:: Provided material ::
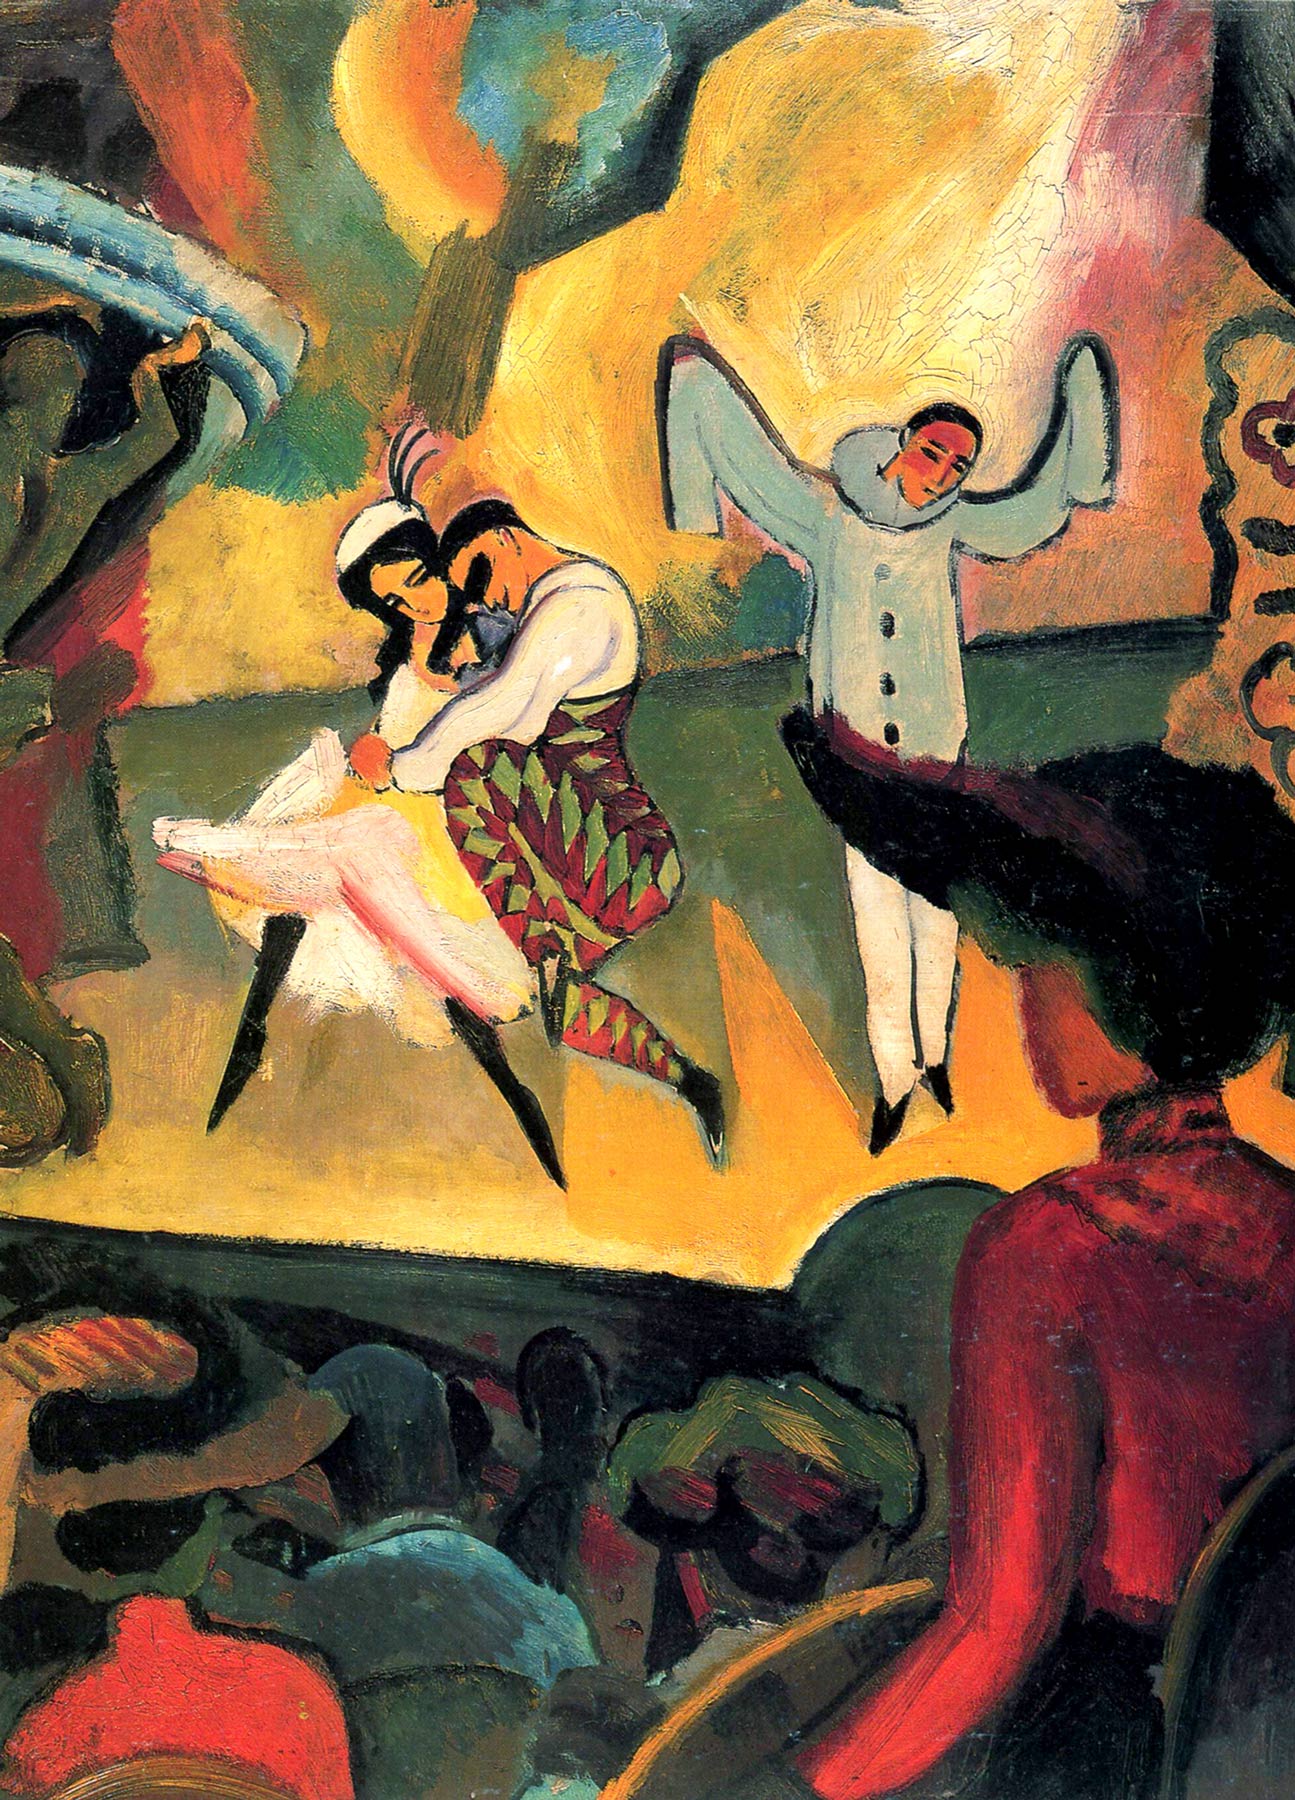 俄國芭蕾 I by August Macke - 1912 - 103.0 x 81.0 厘米 
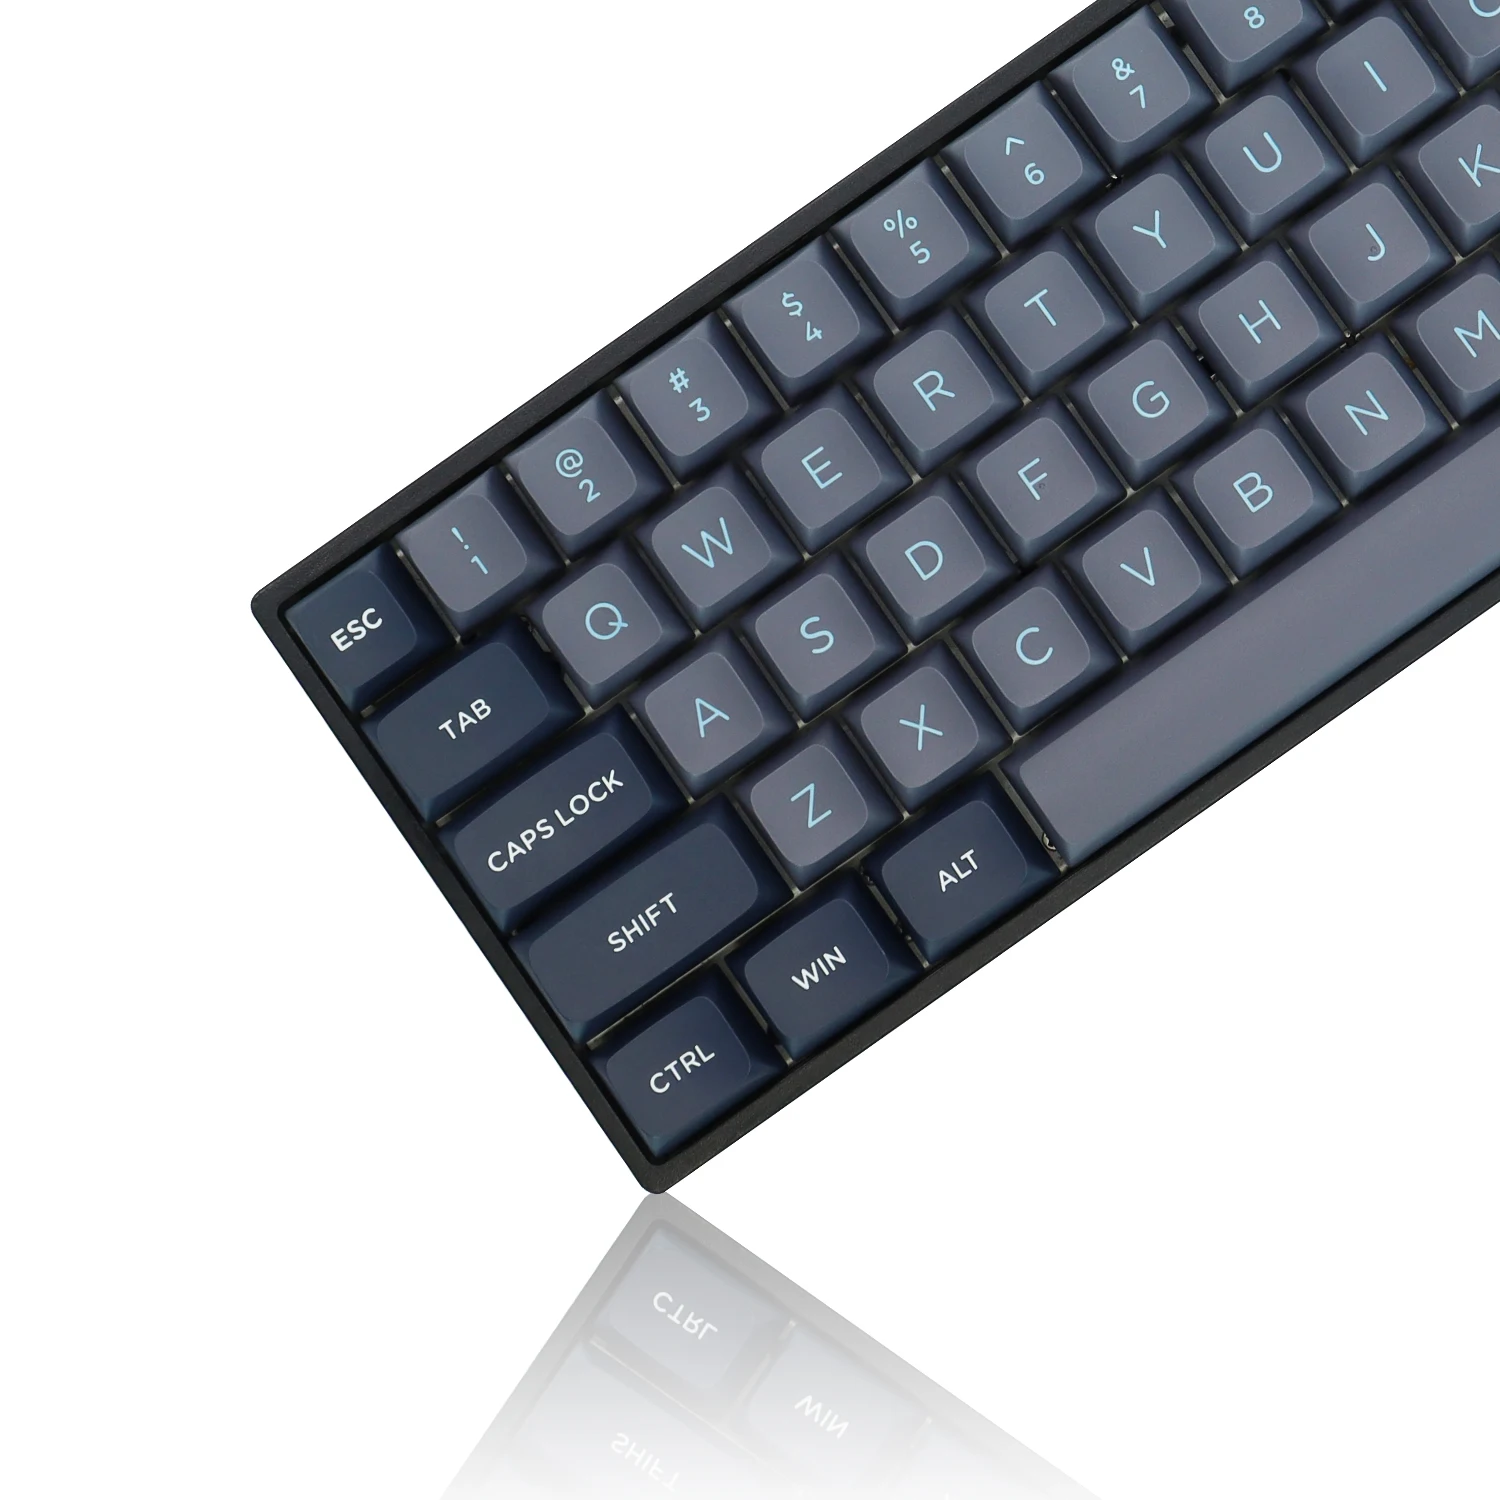 

Клавиатура с 189 клавишами ISA профиль под заказ колпачки для клавиш Double Shot PBT колпачки для клавиш Cherry Gateron MX переключатели механические игровые клавиатуры
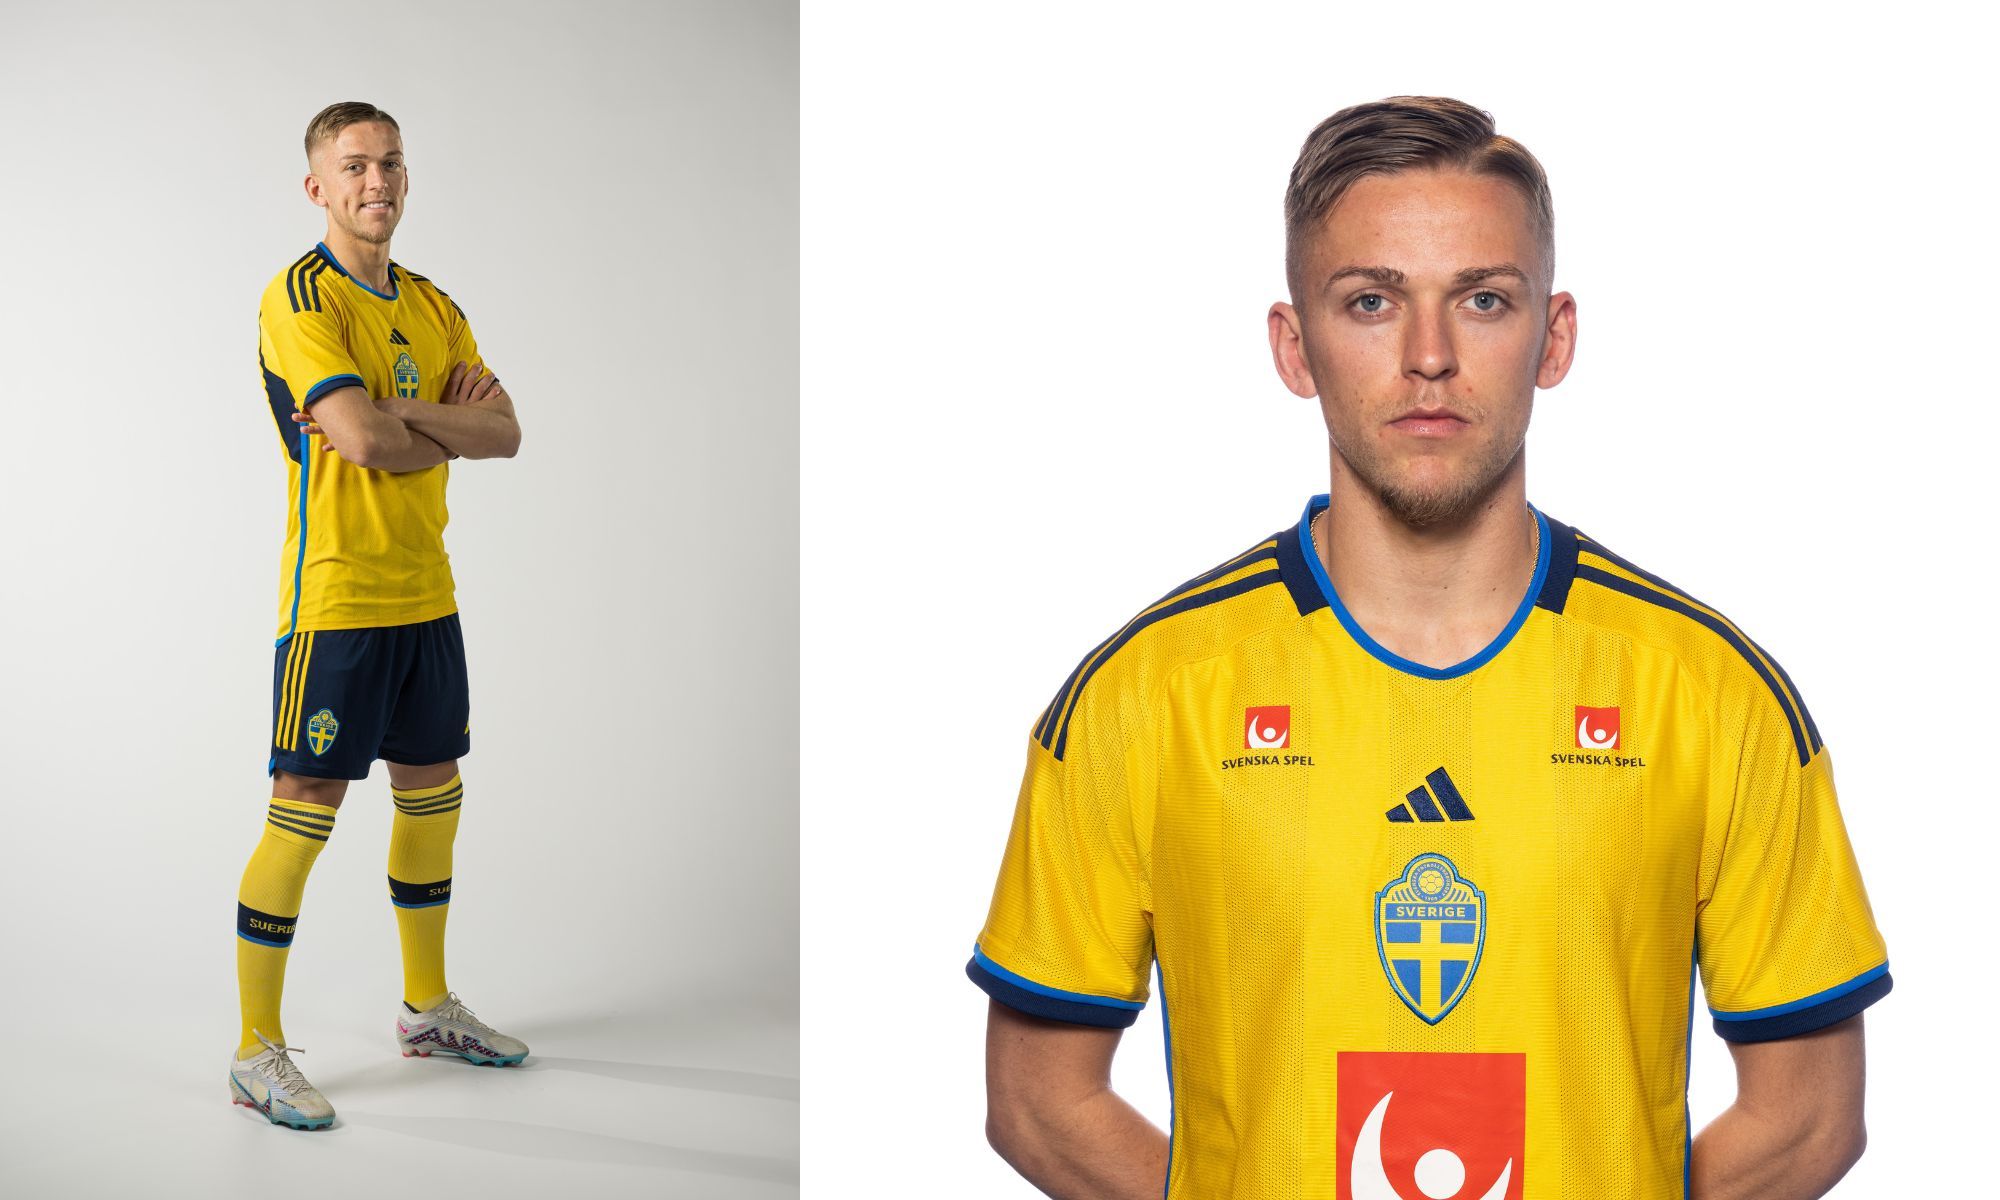 Jesper Karlsson i gul landslagströja fotboll. Helbild och porträttbild bredvid varandra.
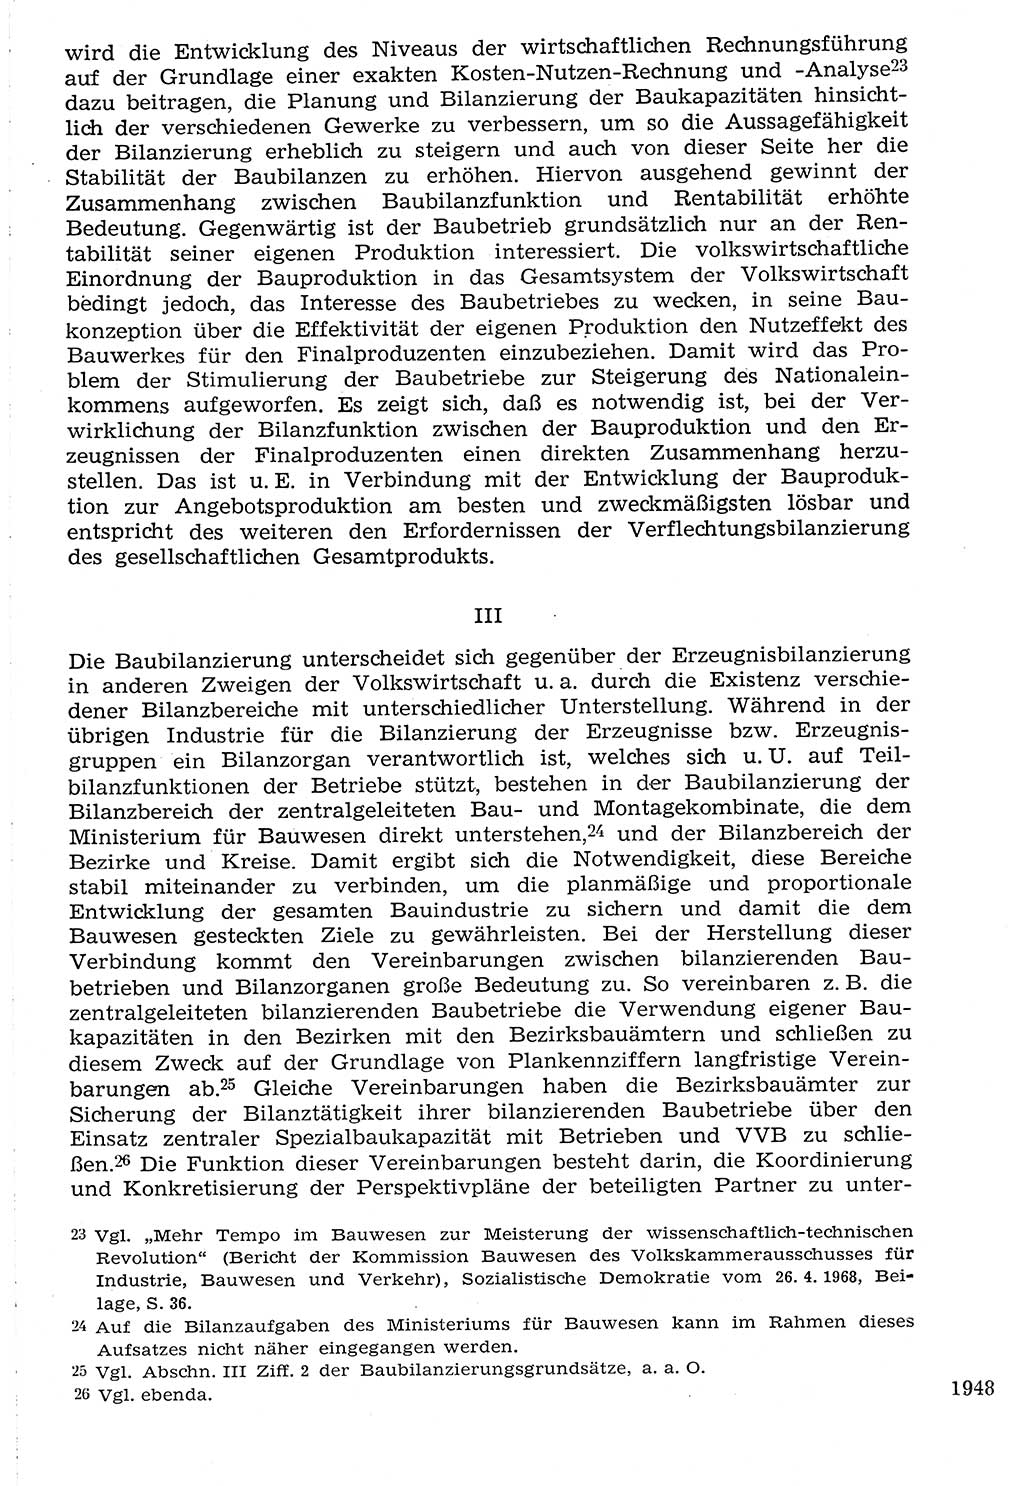 Staat und Recht (StuR), 17. Jahrgang [Deutsche Demokratische Republik (DDR)] 1968, Seite 1948 (StuR DDR 1968, S. 1948)

:: Problem to work on ::
Before writing out the material above, please remove its pictures; everything else stays exact.

:: Solved exercise ::
 俄國芭蕾 I by August Macke - 1912 - 103.0 x 81.0 厘米 

Клавиатура с 189 клавишами ISA профиль под заказ колпачки для клавиш Double Shot PBT колпачки для клавиш Cherry Gateron MX переключатели механические игровые клавиатуры
 Jesper Karlsson i gul landslagströja fotboll. Helbild och porträttbild bredvid varandra.
 Staat und Recht (StuR), 17. Jahrgang [Deutsche Demokratische Republik (DDR)] 1968, Seite 1948 (StuR DDR 1968, S. 1948)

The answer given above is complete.